Mire, haga lo que quiera. Aquí la única mierda es usted. Usted y su periódico. El alcalde estuvo sembrado. Como no recuerdo a ningún político en mi corta vida de periodista. Emocionando, sincerándose. Si esta farisaica ciudad no es capaz de estar a la altura de su alcalde peor para ella. Total, nada la va a sacar de su adormecimiento. Ni un discurso ni usted y sus putos juegos de equilibrio. ¿Todavía no se ha enterado de que si vende diez o cien mil periódicos es por los cupones para coleccionar tacitas o por el cromo del portero del Atlético Balompié que ganó la Copa en junio del 85 y no porque nadie sepa cuál es su línea editorial? Baje a la calle, dese una vuelta, oiga a la gente respirar y hablar y déjese de encuestas falseadas.

Pero, cómo se atreve, cómo se atreve. Ahora mismo llamo a Pardo de la Serna para que le dé el finiquito. Pero...

Ahórreselo. Deme uno de esos papeles, que le firmo la renuncia ahora mismo. Me voy de esta empresa, que aquí nunca nadie cambia nada. Son todos ustedes Tancredi. Recuerde: aquel personaje del Gatopardo y su sobada frase. Que todo cambie para que todo siga igual. Son Tancredi. Y Dontancredos. Son el puto pedestal donde se levantan las estatuas. Las estatuas cambian pero los pedestales siempre están ahí. Siempre son los mismos. Y lo mismo. Siempre.

Llegó el frío, sin avisar, como siempre en esta ciudad, y con él las luces, los tenderetes navideños. La plaza con el pedestal vacío se llenó de quioscos con figuritas para belenes, espumillones y bolas de árboles de navidad. La polémica de la retirada de la estatua ecuestre casi cae en el olvido si no llega a ser por el partido que otros diarios sacaron a mi extraña salida del periódico. No quise darle ninguna publicidad, ni siquiera a los cuatro o cinco amigos blogueros que tengo les conté la verdad. Estaba hastiado, cansado de que nadie hubiera puesto en su sitio el discurso del alcalde, de que todos pensaran en el corto rédito que la polémica rendiría en el número de ejemplares vendidos mañana, en cuántas consultas o visitas tendría la edición digital del periódico. Sin mirar más allá, sin altura de miras.

Quise apartarme por un tiempo. Olvidarme de esta profesión que envenena más que consuela.

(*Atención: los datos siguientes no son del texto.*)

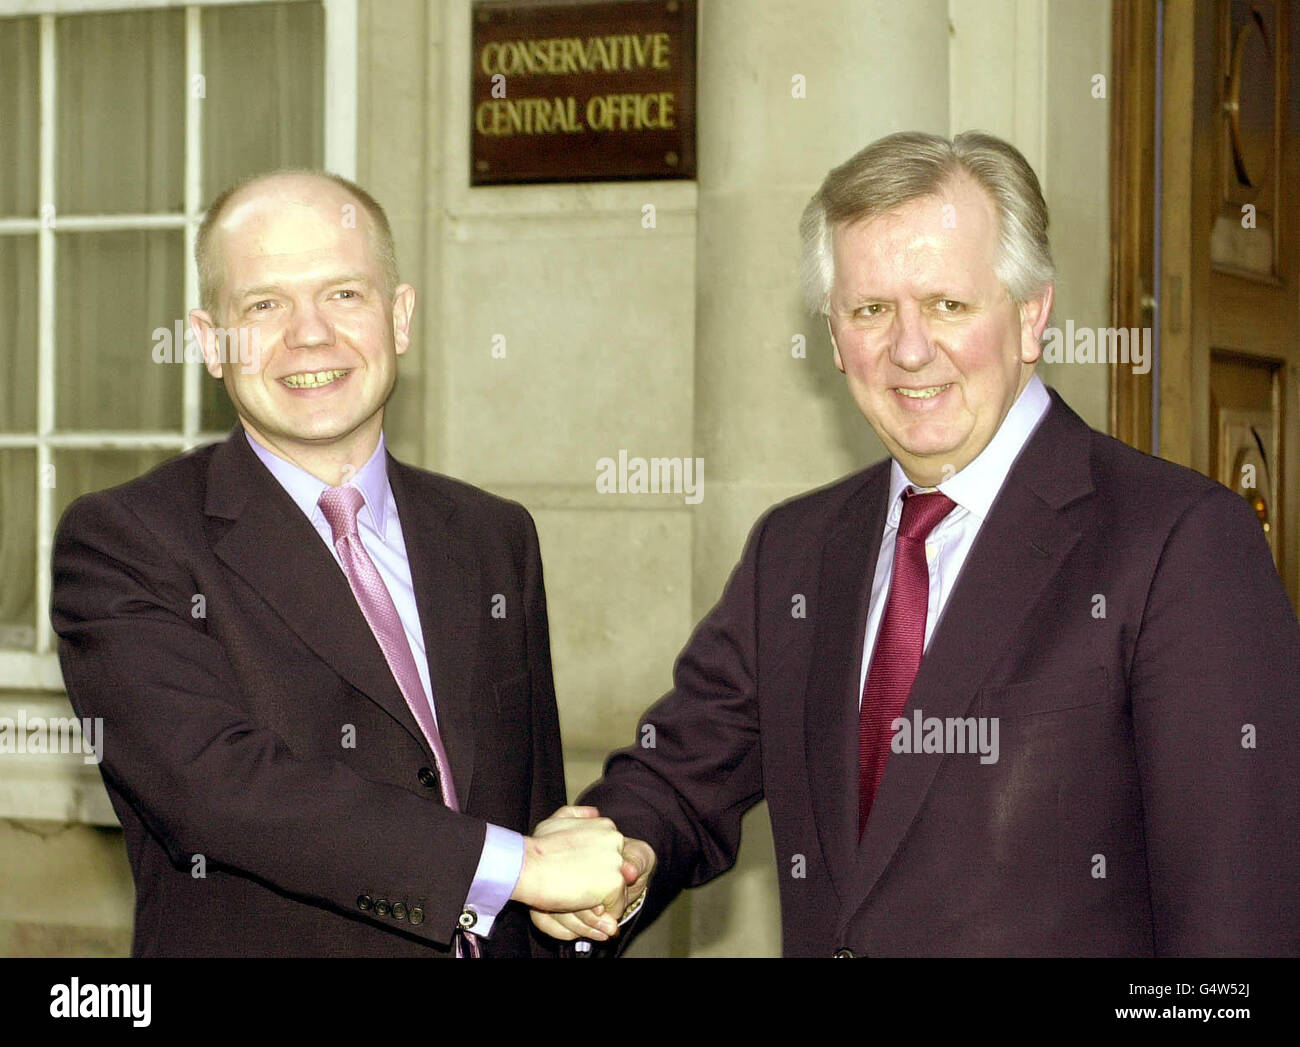 Il leader del partito conservatore William Hague (L) con il candidato del sindaco di Tory London Steve Norris, al di fuori dell'ufficio conservatore di Londra, dopo che l'ex ministro dei trasporti è stato nominato come loro candidato per combattere le elezioni per il sindaco. * ...il 4 maggio 2000. Foto Stock

Me pasé semanas en un garito con nombre francés de ópera italiana, aunque prefiera la canción homónima del gran Aznavour. Qué le vamos a hacer: soy una reliquia, una antigualla. Me gusta el armenio más francés de todos los franceses, Charles Aznavour; bebo ese licor que ya casi nadie consume, Cointreau, por su eufónico nombre, por su etiqueta aún no afectada por el cambio climático; y escribo a mano en holandesas mientras contemplo, a través del cristal de la cafetería, cómo la lluvia va calando los adoquines de esta calle con nombre de una antigua novia en cuyas esquinas se despedían, deseando que llegara la siguiente cita, una tarde y otra y otra, otra chica cuyo nombre aún me hiere y el aún no hastiado periodista y aspirante a columnista canónico que era uno entonces. Columnista canónico. Qué idiotez. Qué candidez. Será por someterme a los cánones que rigen la rutina local.

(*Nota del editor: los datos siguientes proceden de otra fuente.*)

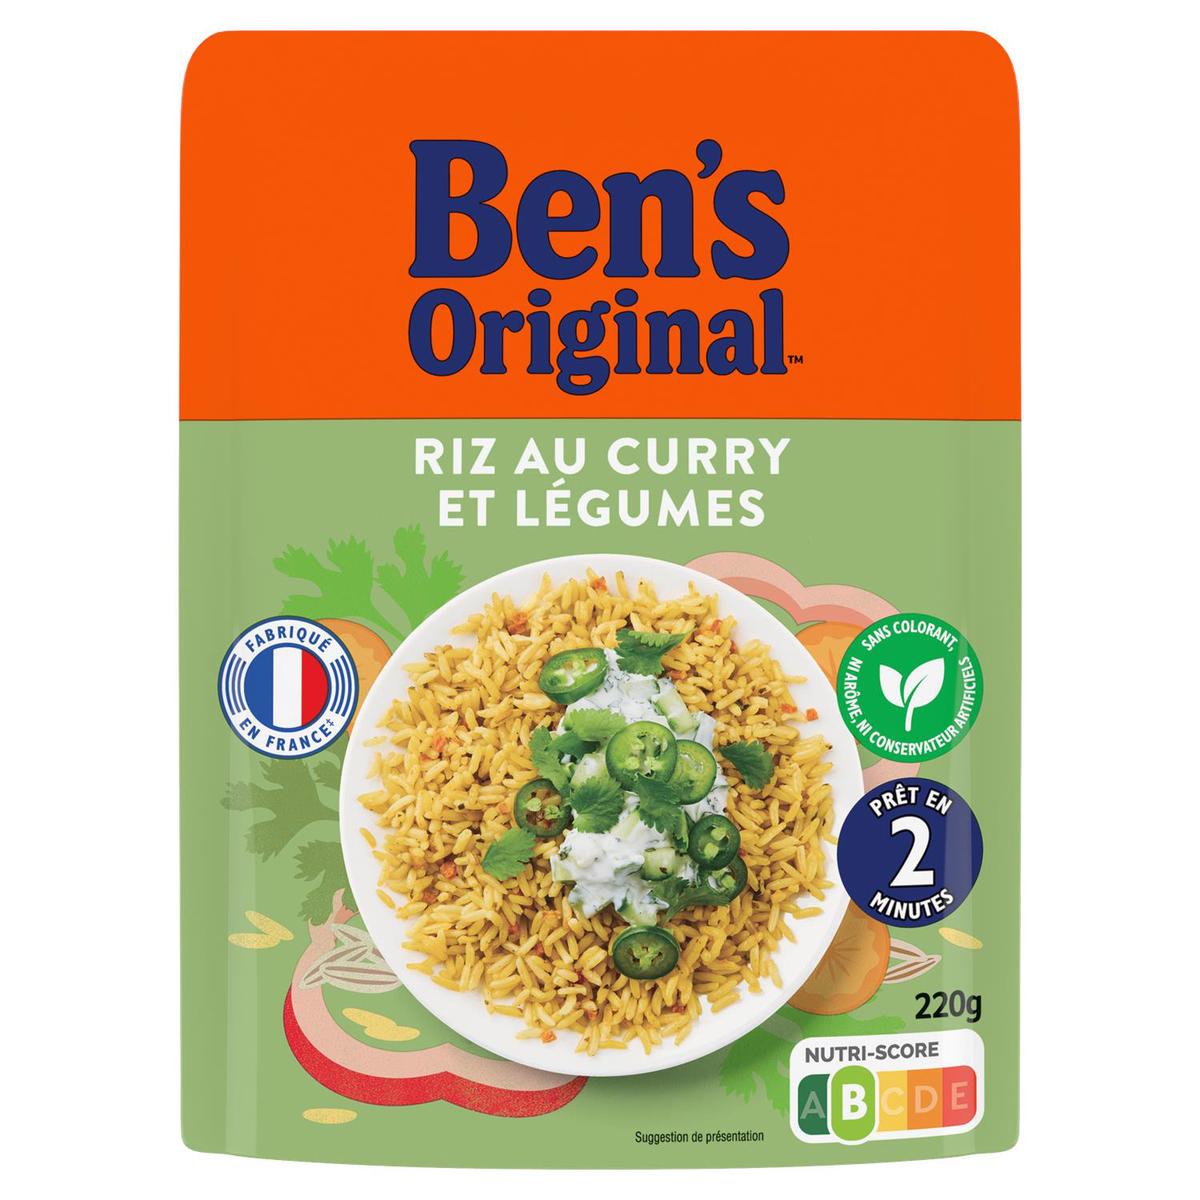 BEN'S ORIGINAL riz long grain 4x125g

Quise apartarme, buscar otros caminos. Sabía que en aquella estatua tenía mi filón, no para explotarlo como lo estaban haciendo mis compañeros de profesión sino para dar el salto y escribir mi A sangre fría, un libro que lo contara todo, en el que hablaran el alcalde, las asociaciones por la memoria histórica, la cuadrilla que retiró la estatua, todos. Y todos con las voces salidas de mi pluma. Pero el tiempo nos atropella siempre. Siempre.